Just as Jesus told Nicodemus he must be reborn, from Viorst's perspective, we must be reborn "over and over again to the next stages," Fr. Shillcox said.

So we reach out to define ourselves in friendships, jobs, love, success and failure, leaving known security "so we can grow into the people God has in mind for us to be," he said.

The second stage, which begins in childhood and continues through life, involves being an individual without becoming self-absorbed. In this stage, we learn about the importance of relationships and the needs of others.

"In a culture of individualism, in a sense gone to the extreme after an era of herd mentality both in the church and in society, I suspect that we live in a privileged time when we can hopefully begin to navigate to a midpoint where the individual and the community become respected," Fr. Shillcox said.

This stage calls on us to learn to deal properly with guilt, neither indulging in feelings that can make us think we can control the whole world, or ignoring pangs of guilt.

"Guilt as an emotion is given by God. It helps our moral compass keep us on the right track. The gifts of humility, candor, honesty, the sacrament of reconciliation, spiritual direction, close friendship, loving family relationship give us the chance to say 'I was wrong'; 'I'm not perfect'; 'I can deal with it'; 'I can move beyond,' " Fr. Shillcox said.

The third stage involves accepting imperfection in the world, ourselves, friends and spouse. That means, he said, accepting that, in all our relationships, the initial infatuation and idealism will be replaced by disappointment, then drudgery and, finally, bliss. Accepting that the honeymoon doesn't last lets us live in reality.

The final stage -- mid-life to the end -- forces us to accept the sad reality that, physically, we are declining and will die.

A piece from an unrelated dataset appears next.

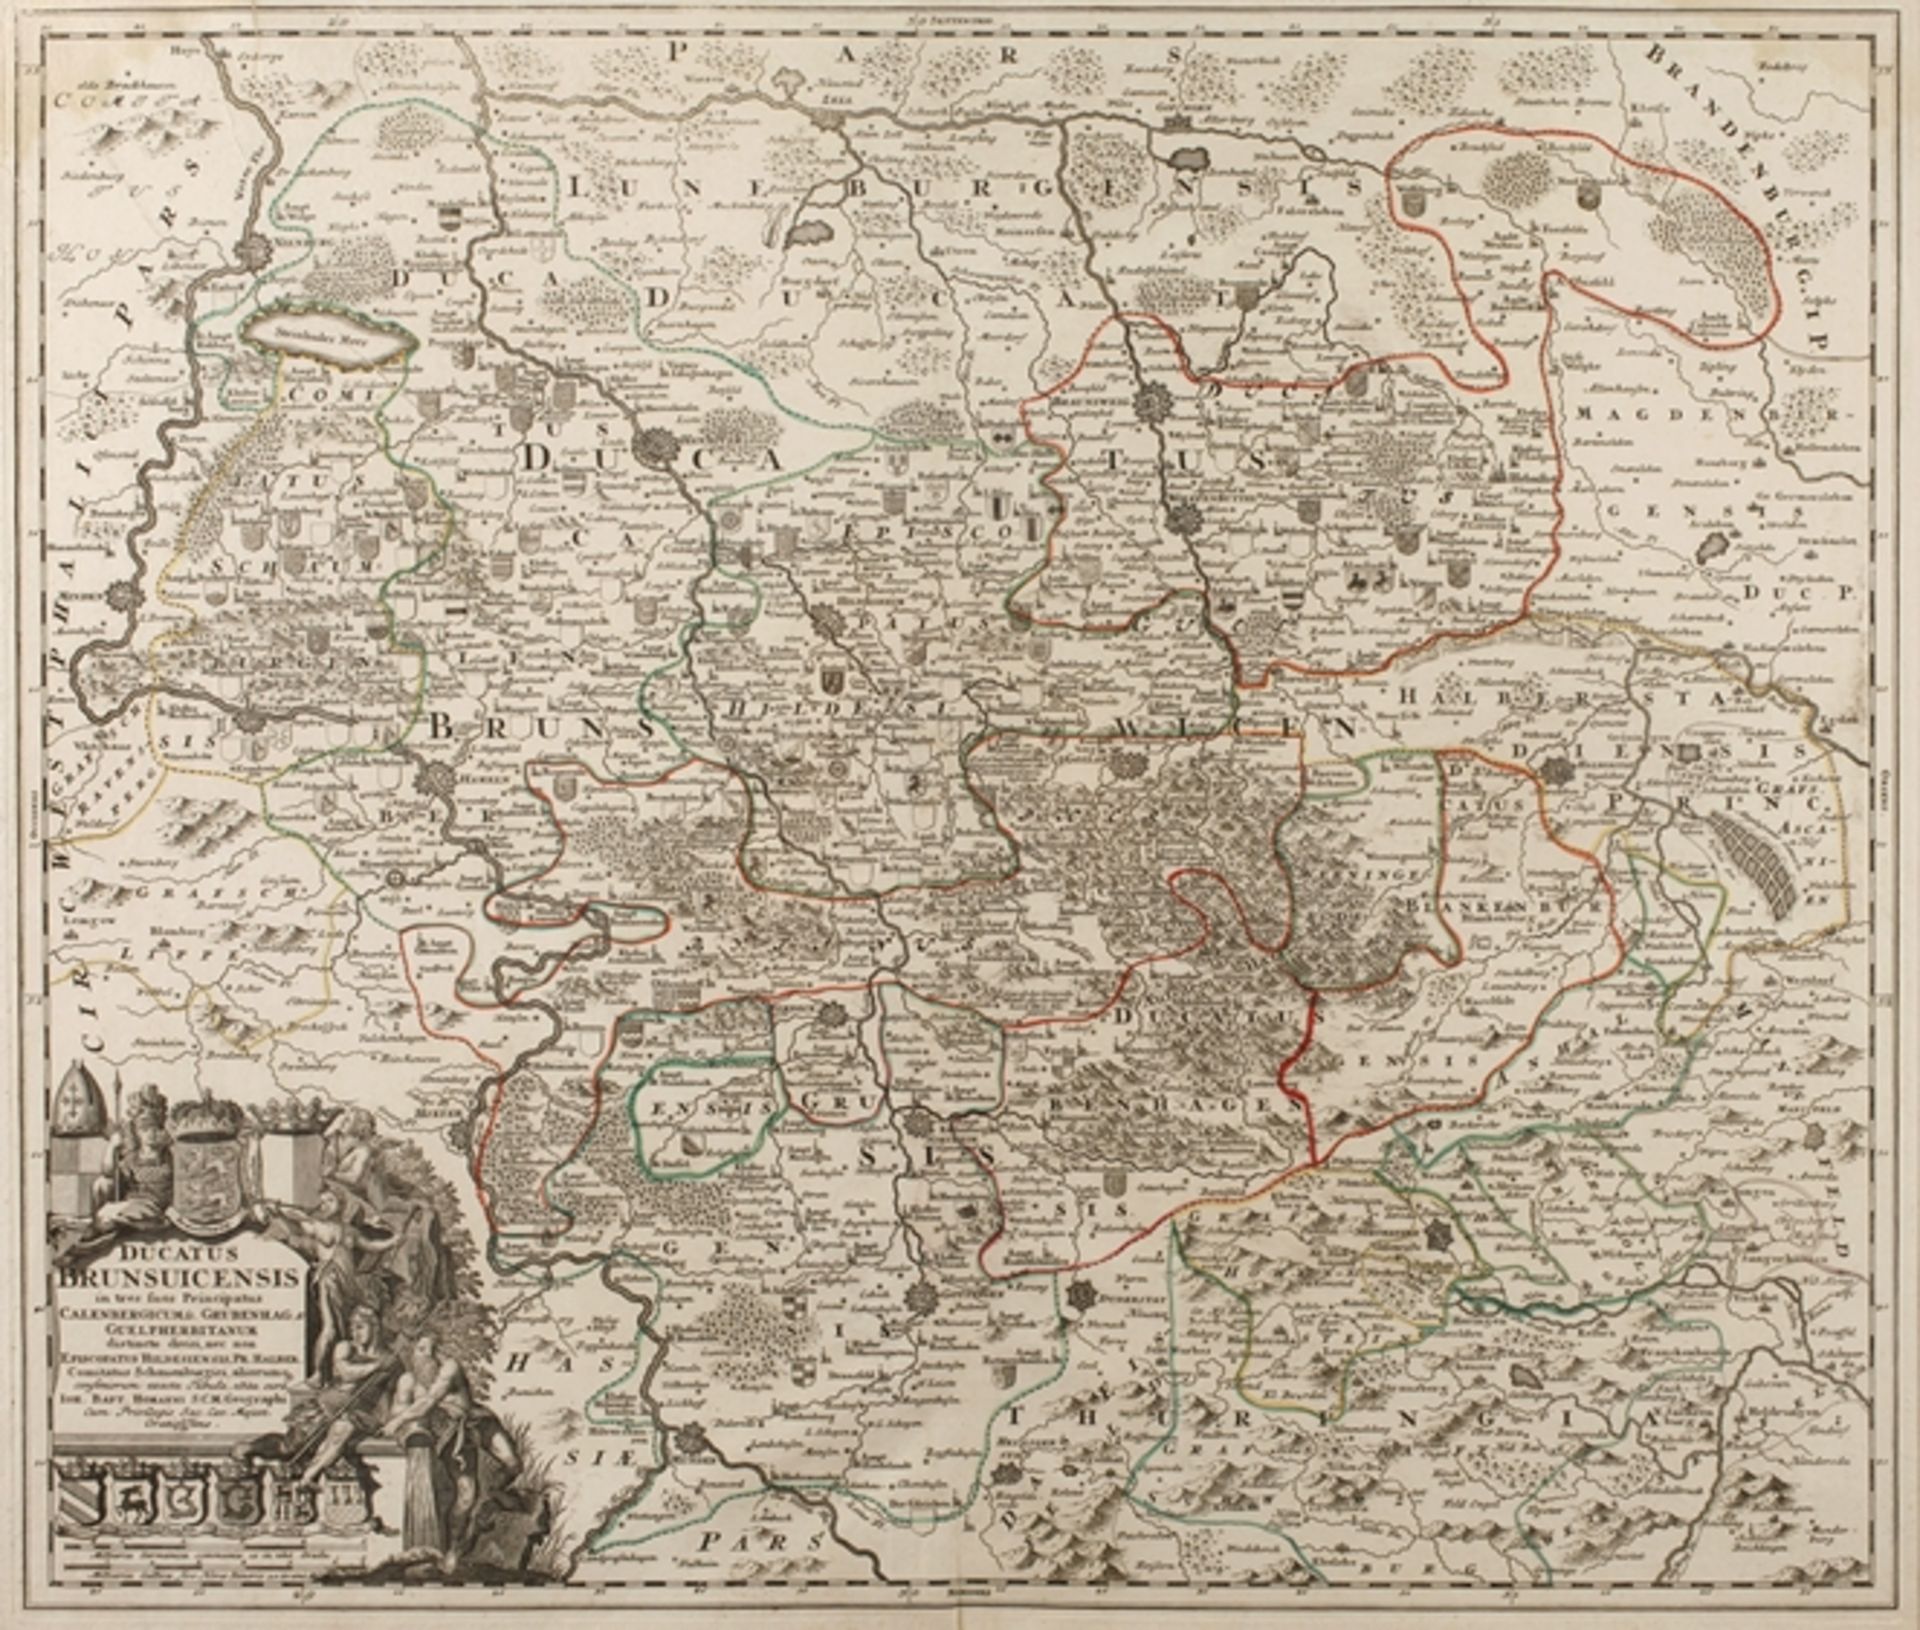 Johann Baptist Homann, Karte Braunschweig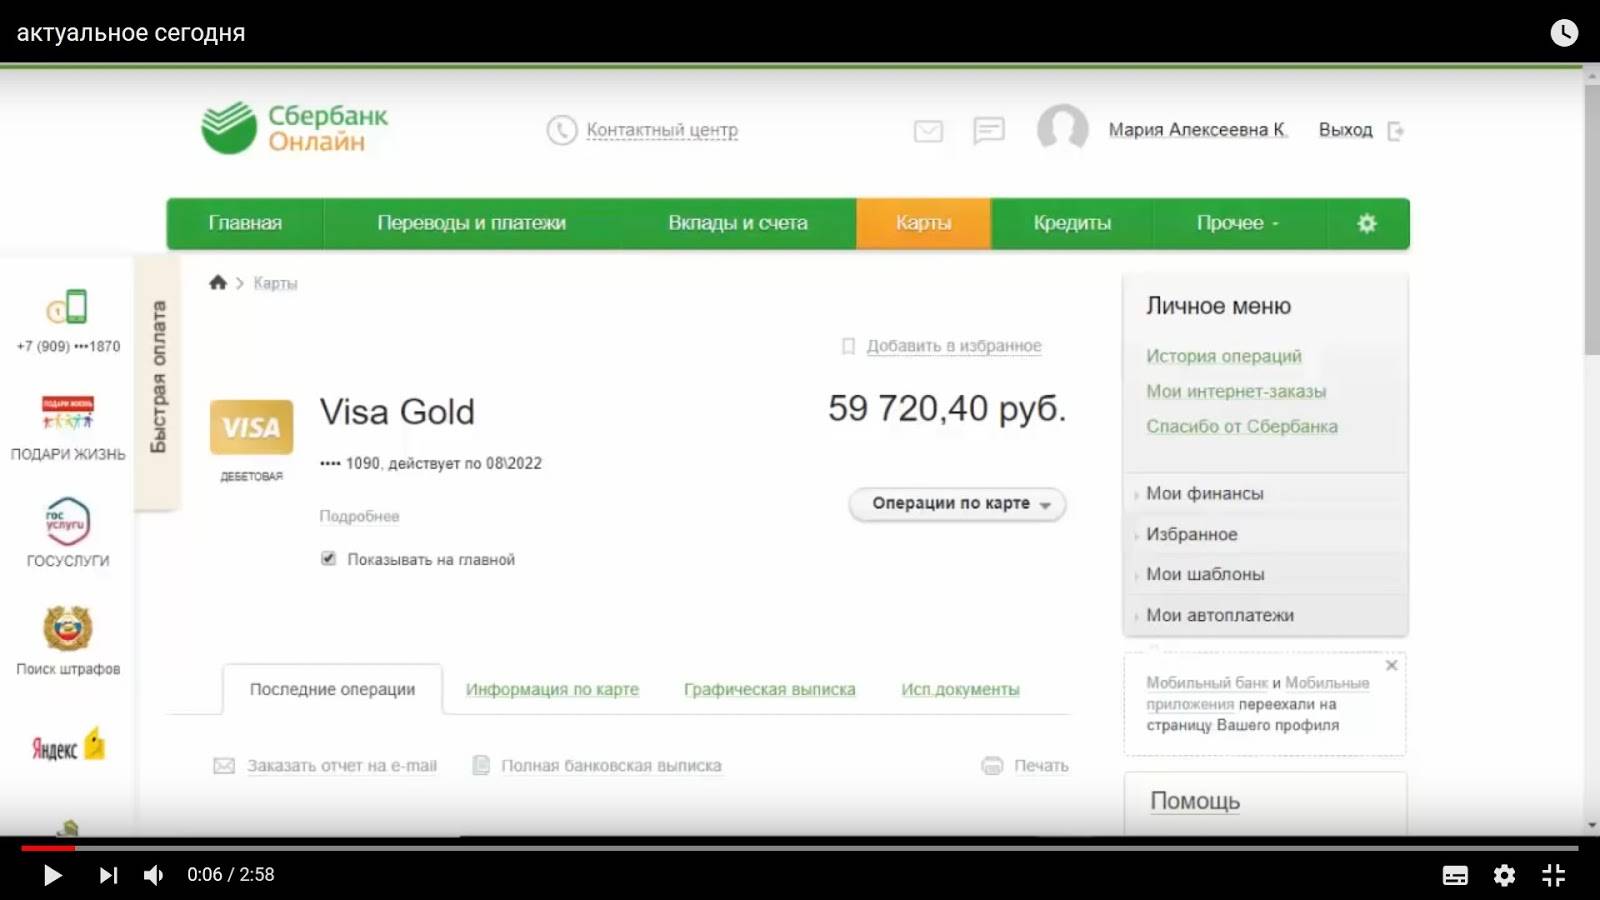 ​клиенты tele2 получат 5% годовых за мобильные накопления 18.10.2017 | банки.ру

The challenge is to let go of what we need to and "to savor what has been good and honor what has been lost," he said. "This is the business of our faith as Christians. If our hopes in Christ are limited to this life only, they are the most pitiable of hopes. But praise to God, our hopes are beyond this world, a hope that draws its purpose from the raising of the dead."

Fr. Shillcox said when people move from their homes to assisted living centers, they know what is most important: medicines, family photos and a few religious symbols.

The trick, he said, is to practice such Gospel simplicity long before we near the end of life and to accept that, even though no one is perfect, we all are blessed and loved by God.

We also could apply this same theological and psychological approach to the current sexual abuse scandal in the church, he said.

"We need to deal with compassion toward all who are involved and also to put to flight the illusion that anybody -- priest, bishop, the Holy Father himself -- can be perfect in this life. Only Christ has that perfection."